* _DESCRIPTION OF THE TASK_
Copy out the listing that follows, exactly, without its pictures.
[Opening SUPPLIED MATERIAL section]
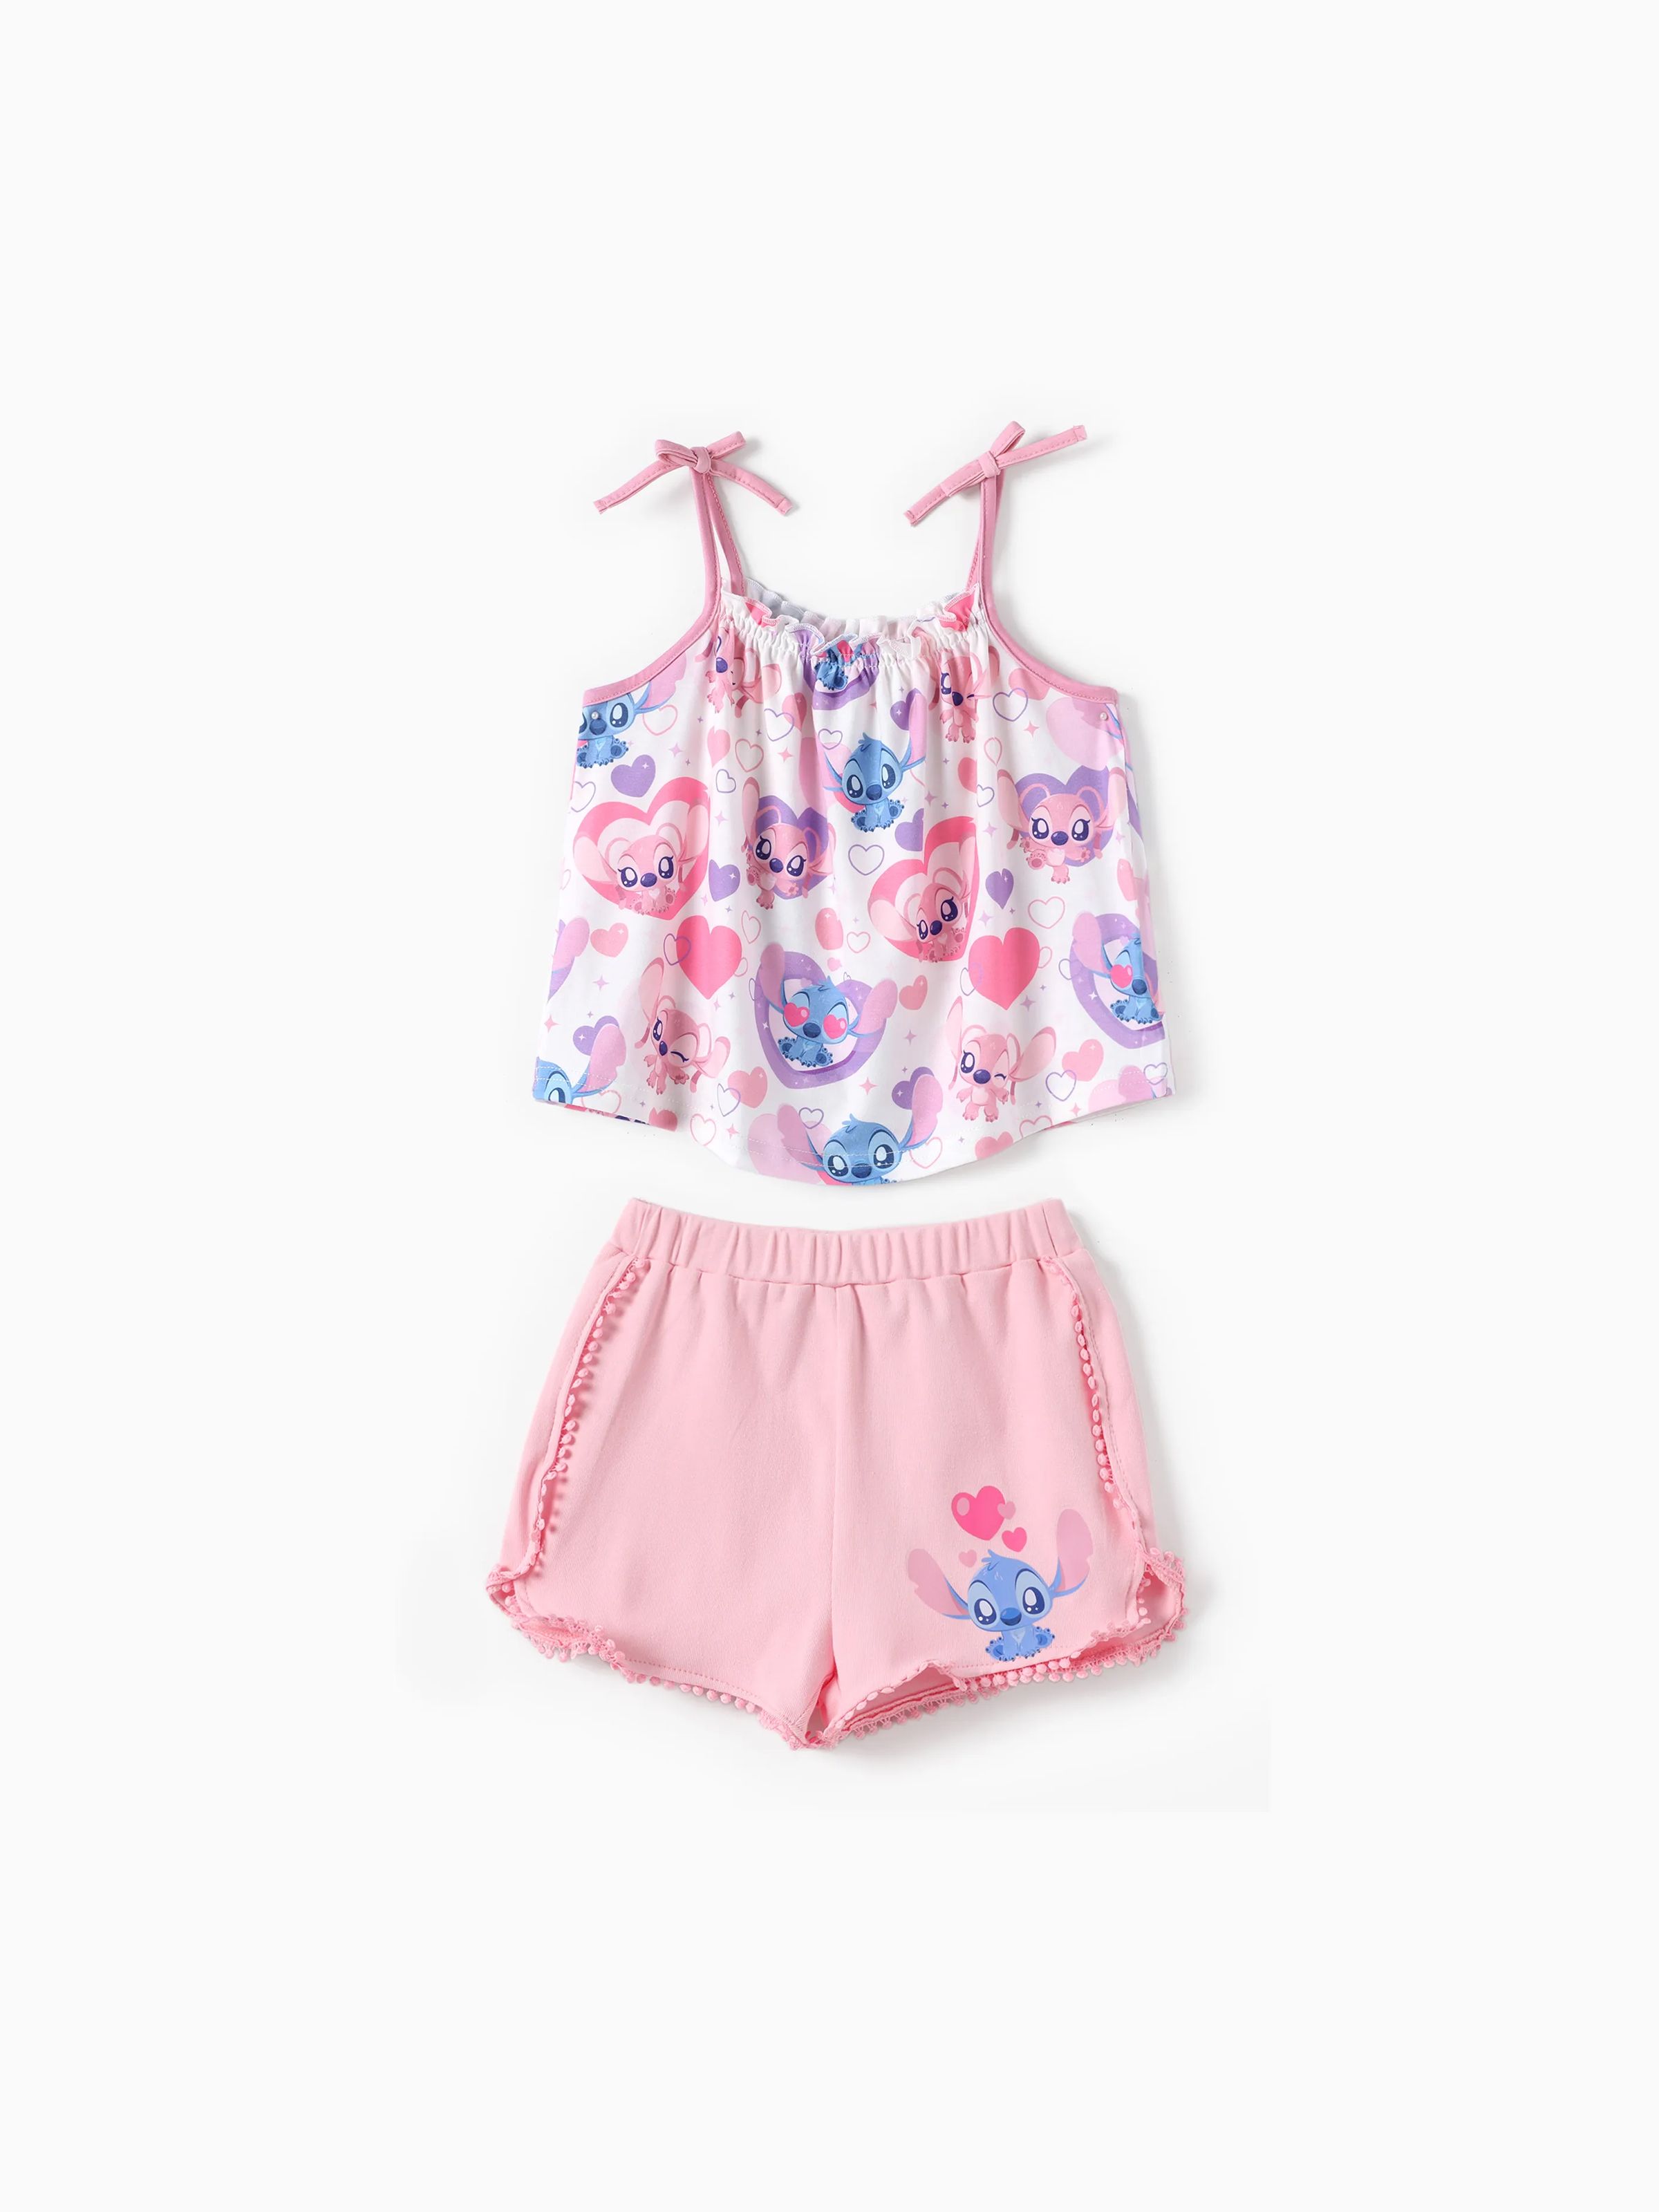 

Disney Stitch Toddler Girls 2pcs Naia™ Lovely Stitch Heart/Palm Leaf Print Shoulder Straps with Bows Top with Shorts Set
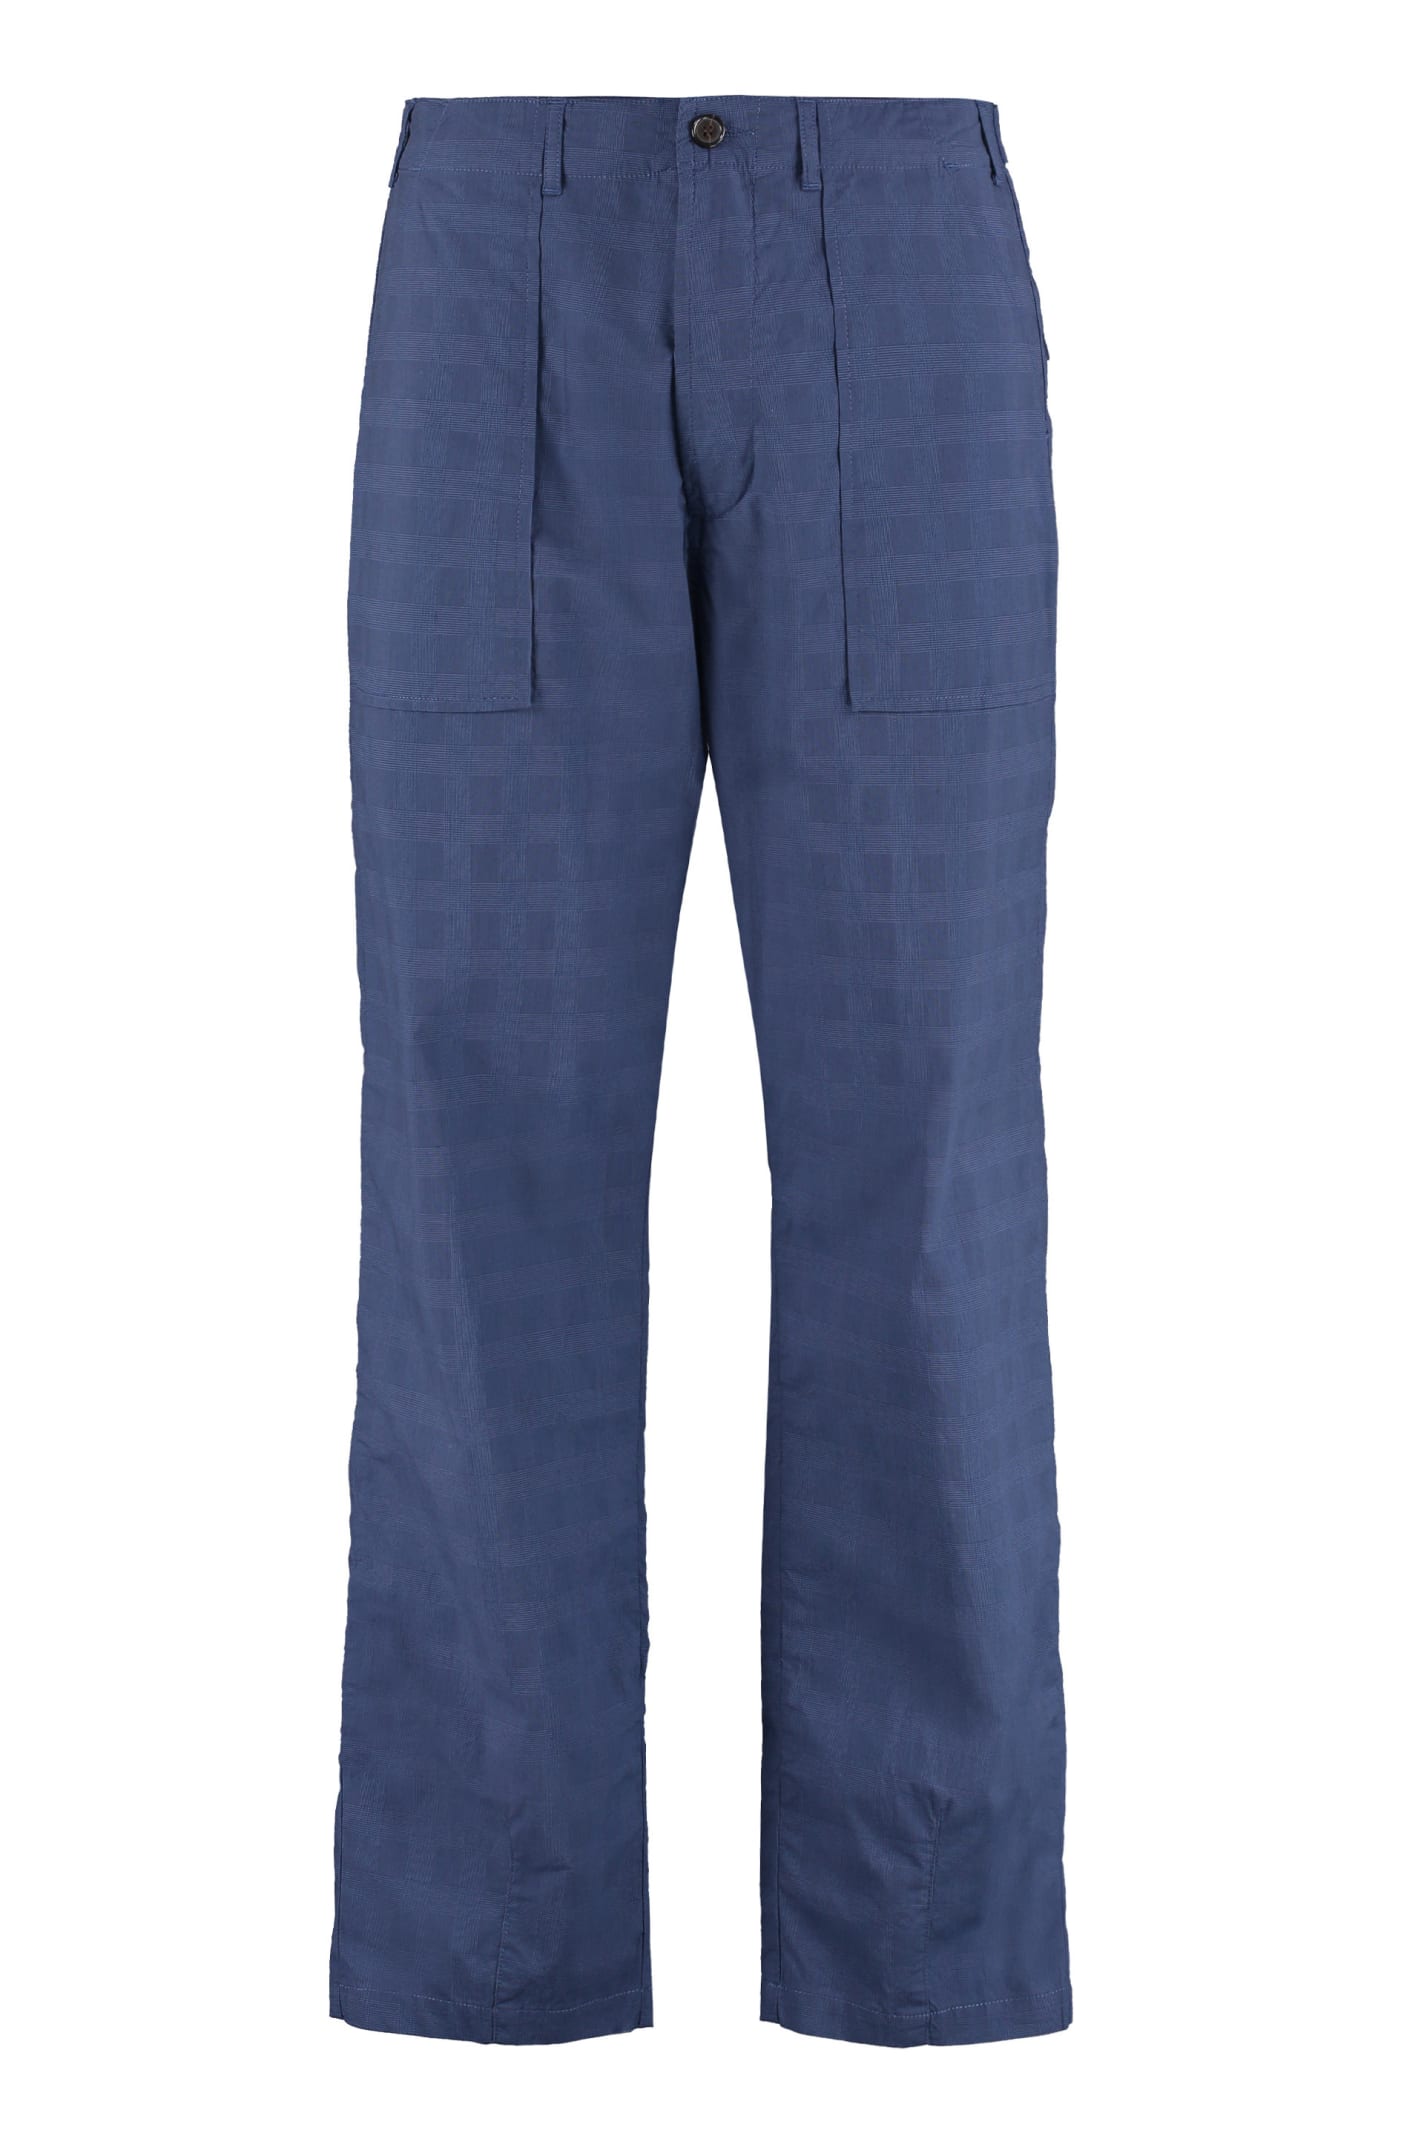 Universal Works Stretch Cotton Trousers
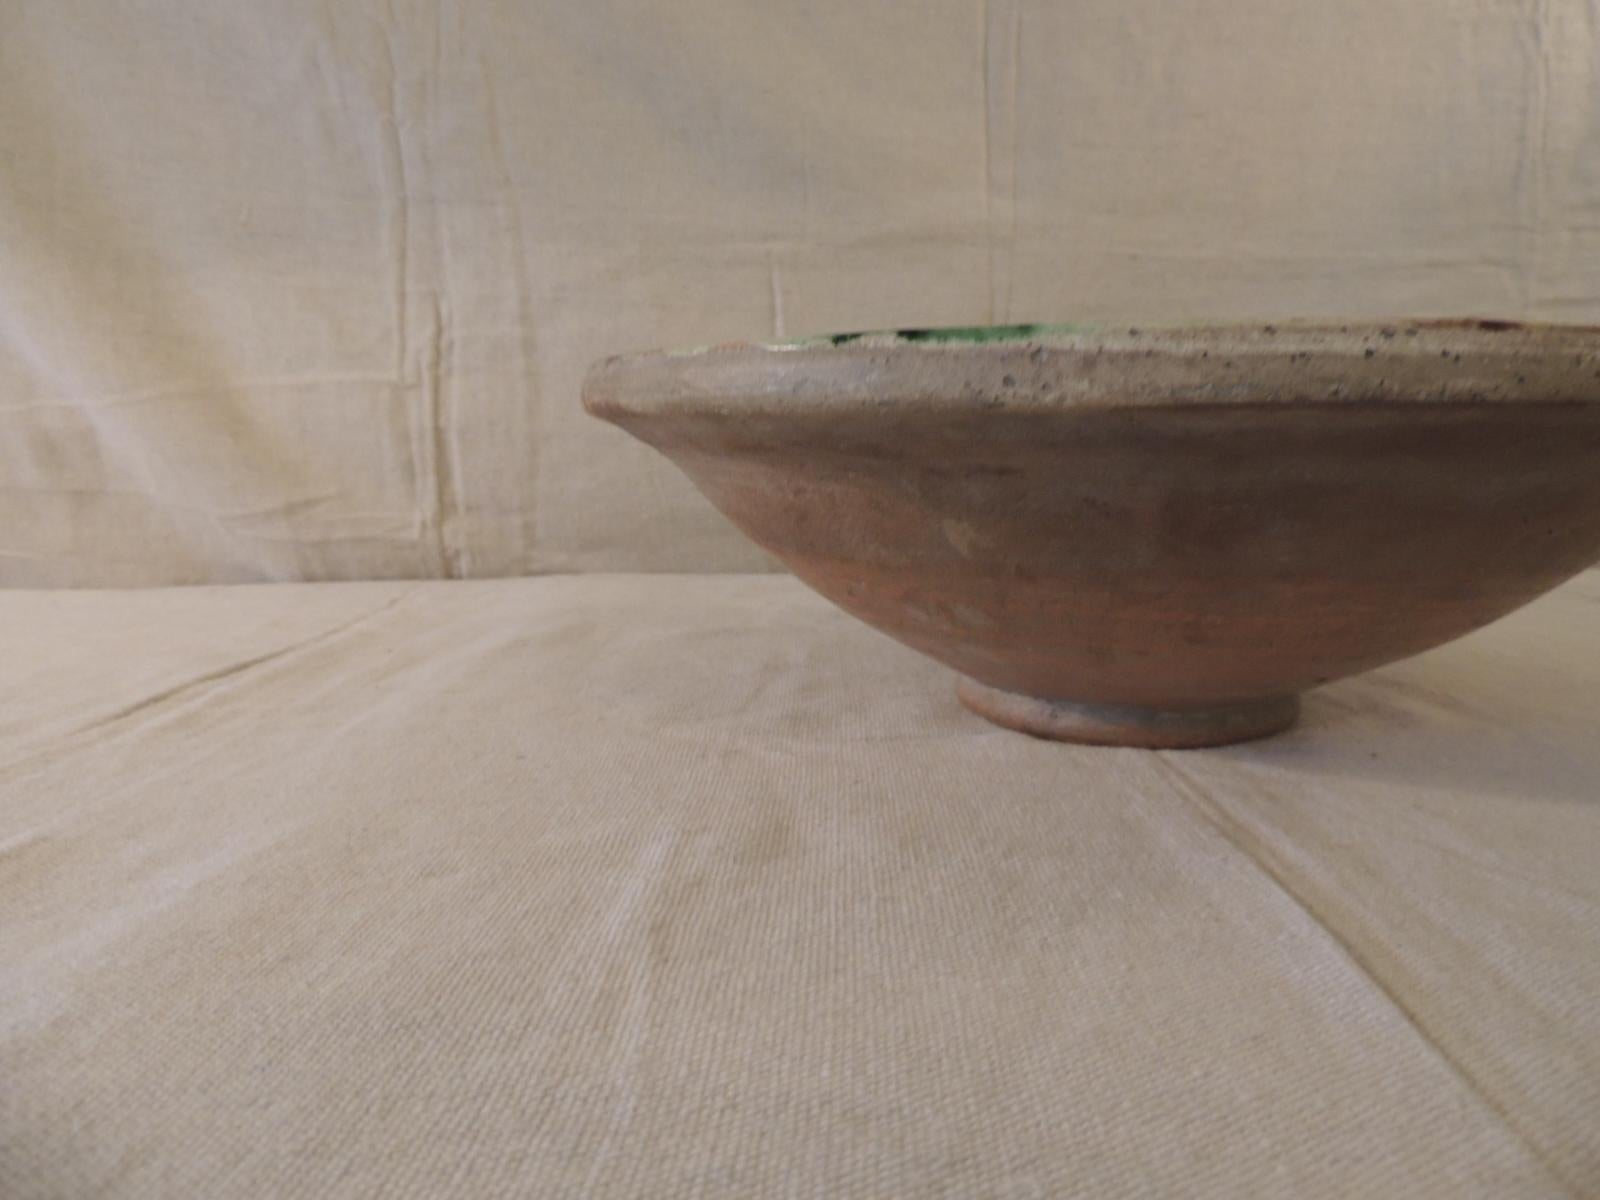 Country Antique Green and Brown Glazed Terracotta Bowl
[Closing SUPPLIED MATERIAL section]
* _RESPONSE BOX_
Disney Stitch Toddler Girls 2pcs Naia™ Lovely Stitch Heart/Palm Leaf Print Shoulder Straps with Bows Top with Shorts Set
 Universal Works Stretch Cotton Trousers
 Country Antique Green and Brown Glazed Terracotta Bowl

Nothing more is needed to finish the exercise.